# A question about Jung's theorem

A theorem of Jung states that, given n pairwise distinct points in the Euclidean plane E, there is a unique circle of smallest radius in E that contains all the points and its radius is less than or equal to d/(3^(0.5)) where d is the maximum distance between any pair of the points. Is there an analogous theorem that applies to the 2-dimensional surface of a sphere in 3-dimensional Euclidean space?

-
It seems that the problem is open. See Ю.Д.Бураго. ."Задача о круге Юнга для сферы" Математическое просвещение (II). № 6, math.ru/lib/book/djvu/mp2/mp2-6.djvu –  Anton Petrunin Jul 21 '11 at 9:45
Yet one more ref: Dekster, B. V. The Jung theorem for spherical and hyperbolic spaces. Acta Math.

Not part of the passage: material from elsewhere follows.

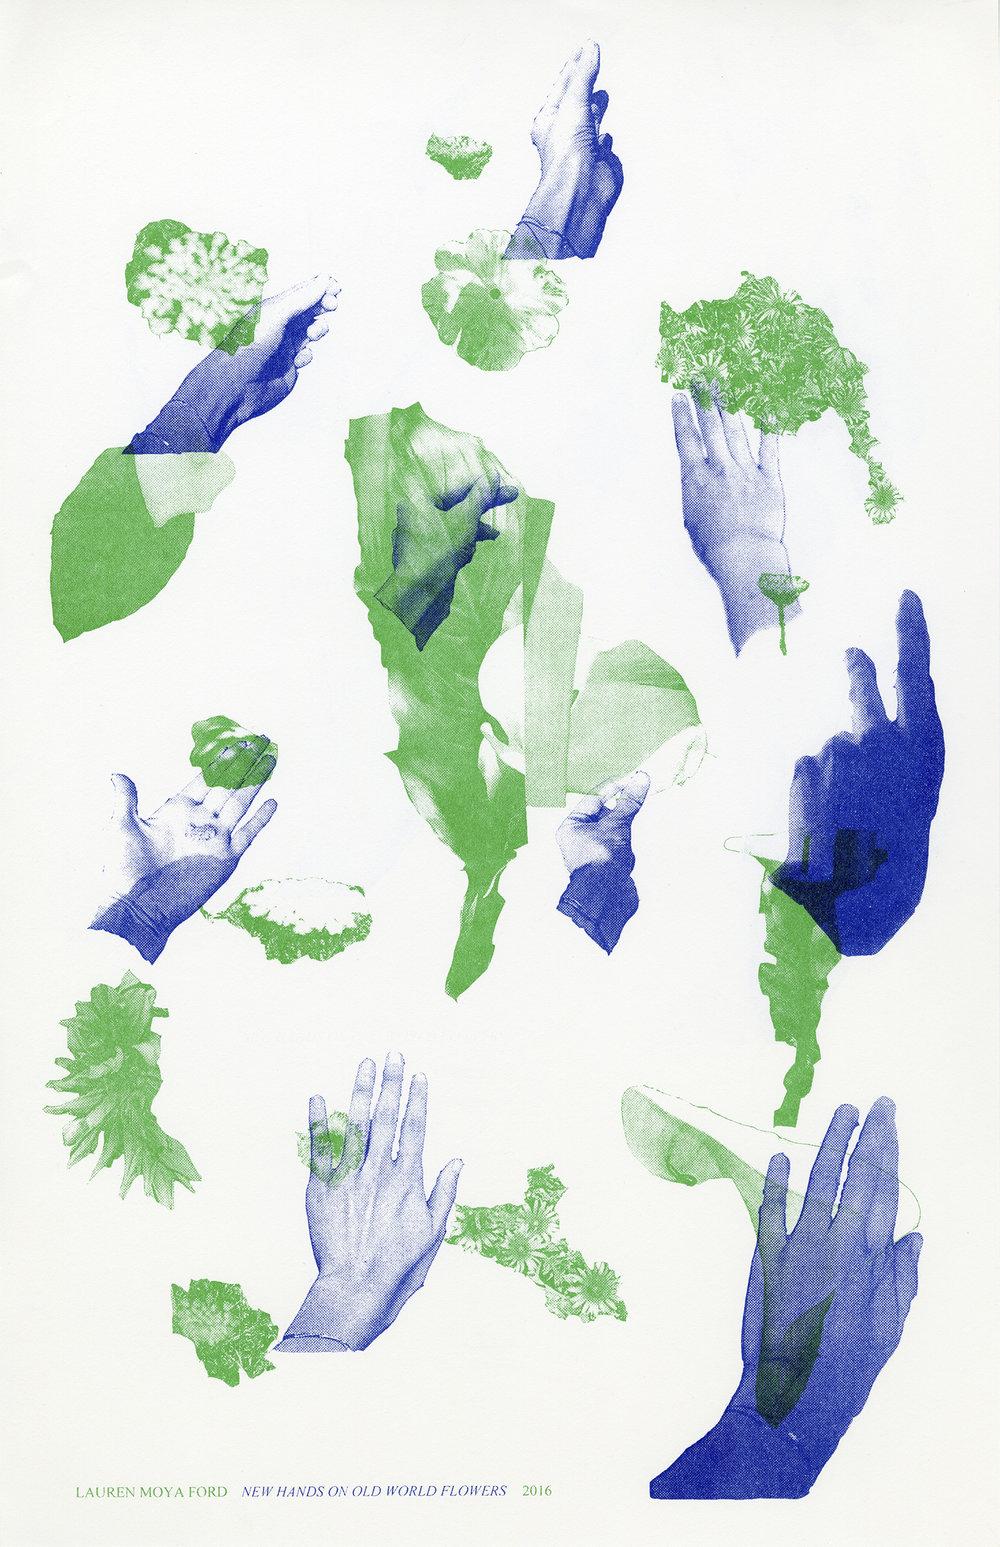 New Hands on Old World Flowers, w/Lauren Moya Ford

Hungar. 67 (1995), no. 4, 315--331. –  Anton Petrunin Jul 21 '11 at 10:29
Triangle with side $d$ is the worst example for $d< \arccos(-\tfrac13)$. In this case you also have uniqueness.

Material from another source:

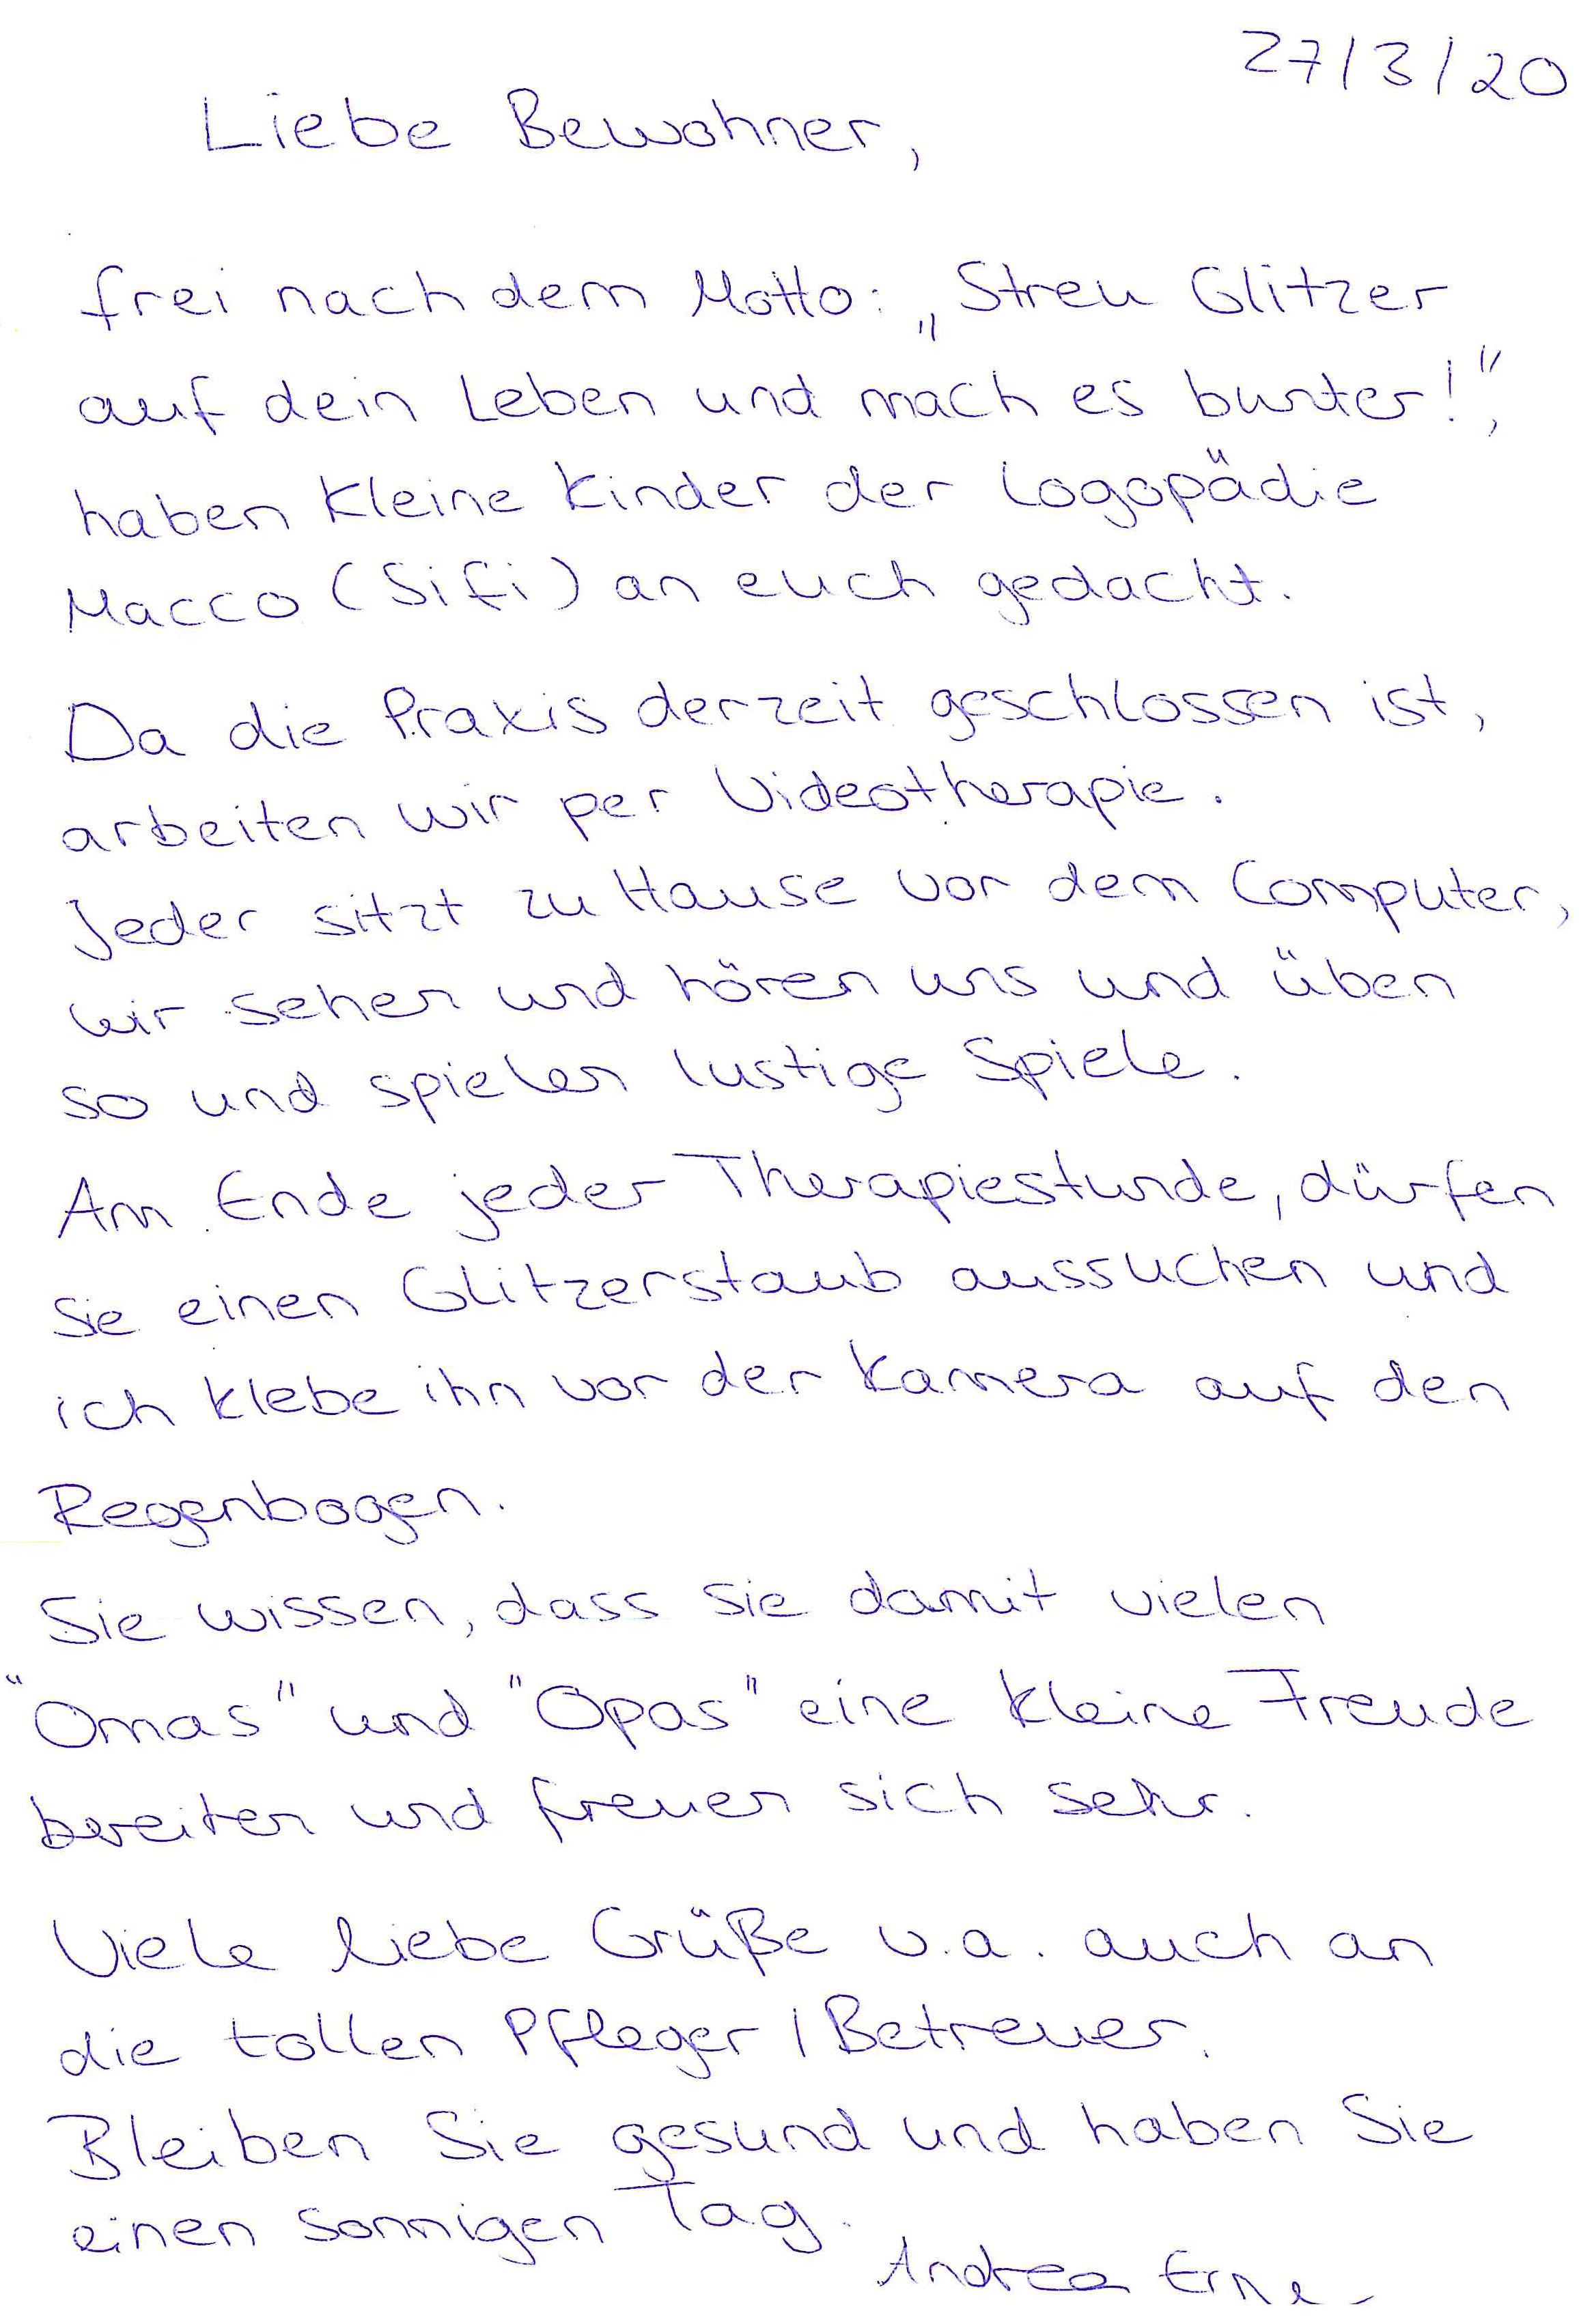 Tod danke nach an pflegepersonal Altersheim, Pflegeheim,

For $d=\arccos(-\tfrac13)$, the four point set with pairwise distance $\arccos(-\tfrac13)$ is the worse; no uniqueness and $r=d$.
It is not clear for me what happens for $d>\arccos(-\tfrac13)$. I guess $r=d$, but I do not see the worse configuration except for particular values of $d$. For example, concentric circles with radii $$2\alpha, 4\alpha, \dots, 2k\alpha$$ give the worse configuration for $\alpha=\pi/(2k+1)$, $k$ is a positive integer and $d=\pi-\alpha$.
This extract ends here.